In the flask culture, the OD600 at time zero when untreated hydrolysate was used was significantly greater than when activated carbon-treated hydrolysate was used (Fig. 5). This was a result of the color difference H2SO4 and amount of debris in the hydrolysates. Moreover, the higher OD600 observed at latter periods of culture, when untreated hydrolysate was used, was due to the attached debris on the wall of flask separating into the media. From the profiles of total monosaccharide consumption generated using the DNS (Fig. 7A) and TLC methods (Fig. 7B), we deduced that DNS measured, to some degree, unknown reducing substances affecting the assay result. In other words, TLC represented the most reasonable approach toward the quantification of monosaccharide levels in these cultures. Furthermore, it was shown that total monosaccharides in the sample at time zero (Fig. 7B) were about 20% less than those presented in Fig. 3. This might be because the hydrolysate used in the flask culture was prepared at a scale of 2 l, while the hydrolysis in Fig. 1, 2, and 3 were carried out at the 100-ml scale. In Fig. 8B, the overall bioethanol yield decreased from 0.36 to 0.3 when activated carbon-treated hydrolysate was used compared to when untreated hydrolysate was used. However, the reason for this was because the decrease in overall bioethanol yields when activated carbon-treated hydrolysate was used represented the utilization of both xylose and arabinose after glucose was completely consumed.

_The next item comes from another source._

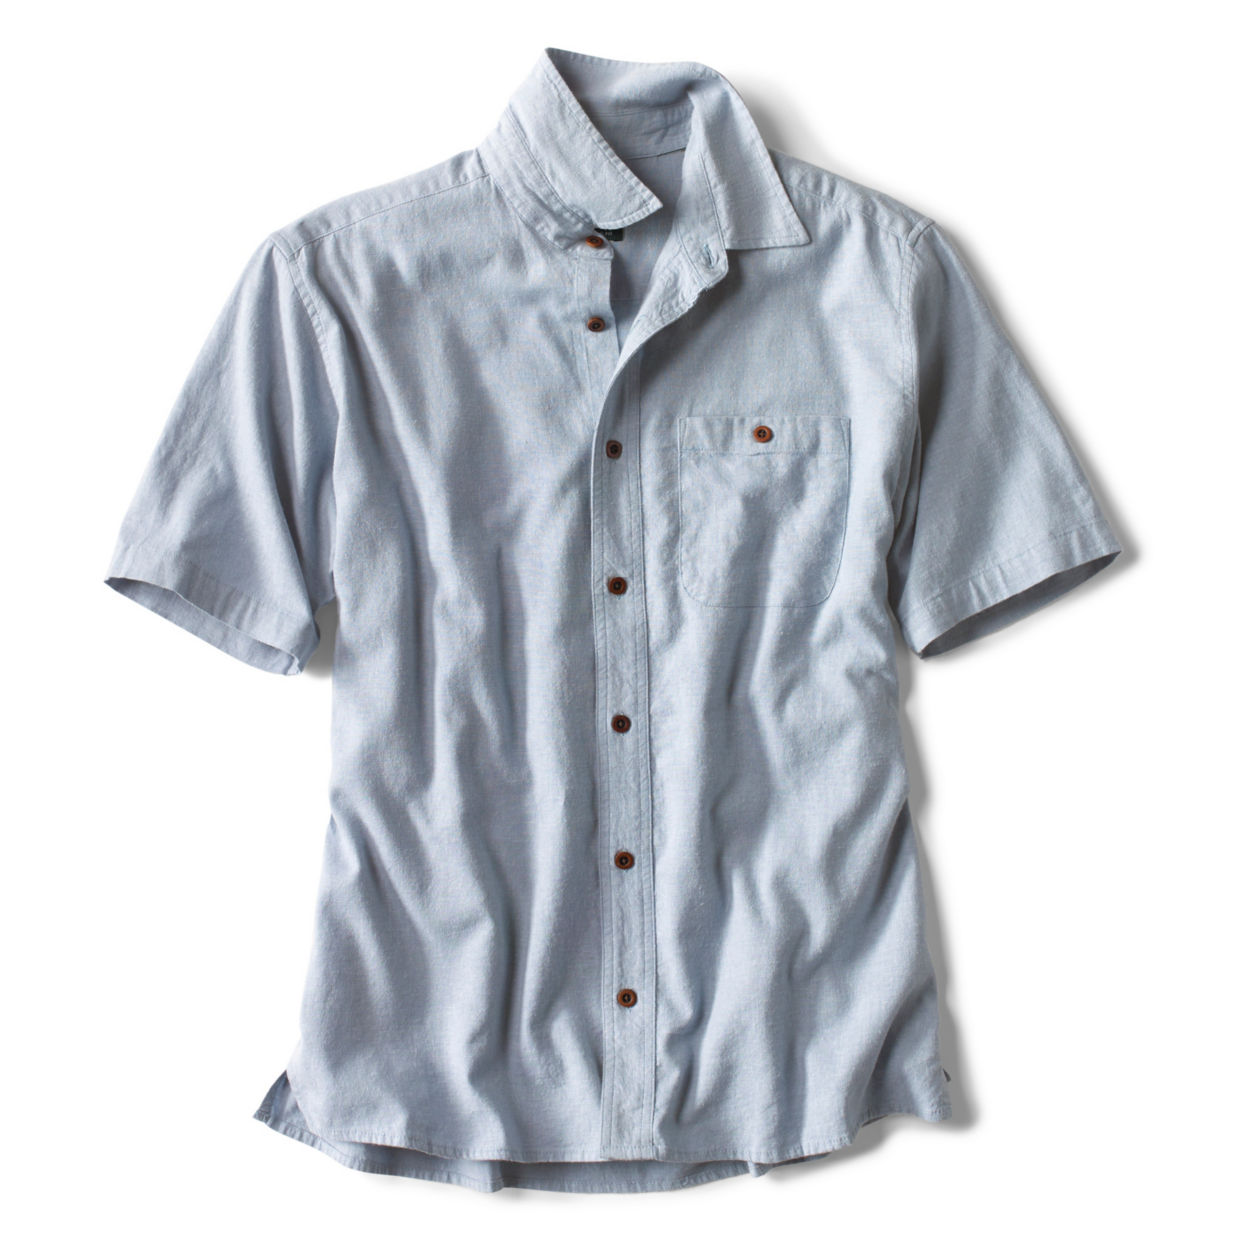 Men's Hemp/TENCEL Stretch Short-Sleeved Shirt Blue/Grey Size Medium Hemp/Tencel/Lyocell Orvis

As shown in Fig. 6, 7, 8A, and Table 1, when activated carbon-treated hydrolysate was used, the glucose consumption rate increased (period A1) and xylose and arabinose continued to be converted to bioethanol (period A2, A3, and A4) when compared to untreated hydrolysate. In addition, the bioethanol productivity and specific bioethanol productivity rate was increased by the use of activated carbon-treated hydrolysate.

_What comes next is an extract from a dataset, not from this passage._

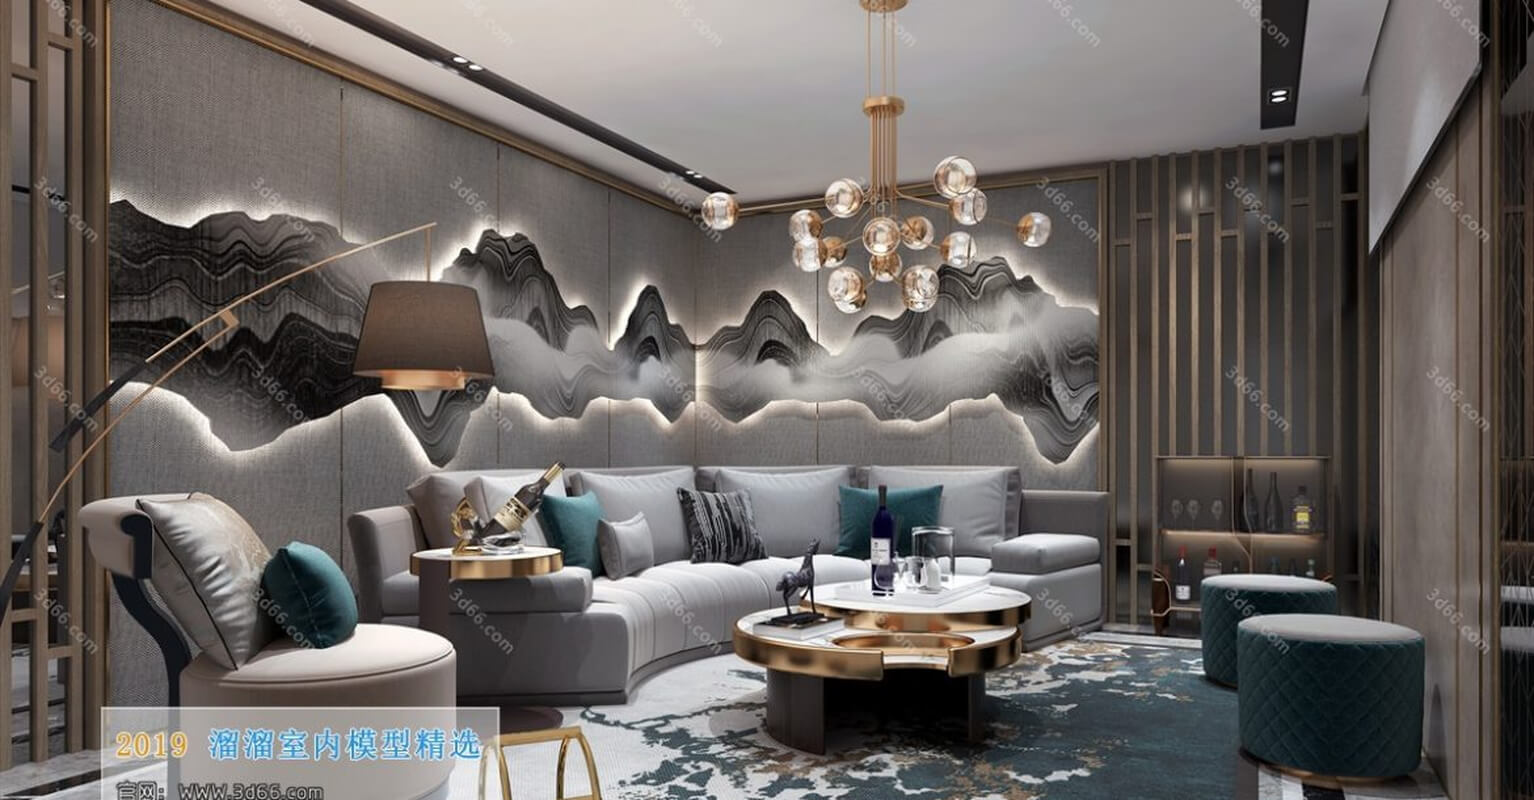 3D66 Club House Interior 2019 Style (05)

To utilize xylose in P. tannophilus, xylose are known to enter the pentose phosphate pathway through xylulose, in which the reducing power was supplied from tricarboxylic acid cycle (Palmqvist and Hahn-Hägerdal, 2000a, b). Therefore, the fine control of aeration was crucial for the ethanol production using P. tannophilus because microaeration is needed for ethanol production from xylose (Larsson et al., 1999). In this work, because the aeration was not finely controlled and the yeast strains as well as other process were quite different, the parameters (overall yield, P, and Qp) might be relatively lower than other researcher's results (Chandel et al., 2007). In conclusion, this work determined that P and Qp were improved and the sustainability of bioethanol production during the period of xylose/arabinose utilization was superior when activated carbon-treated hydrolysate was used for bioethanol production by P. tannophilus.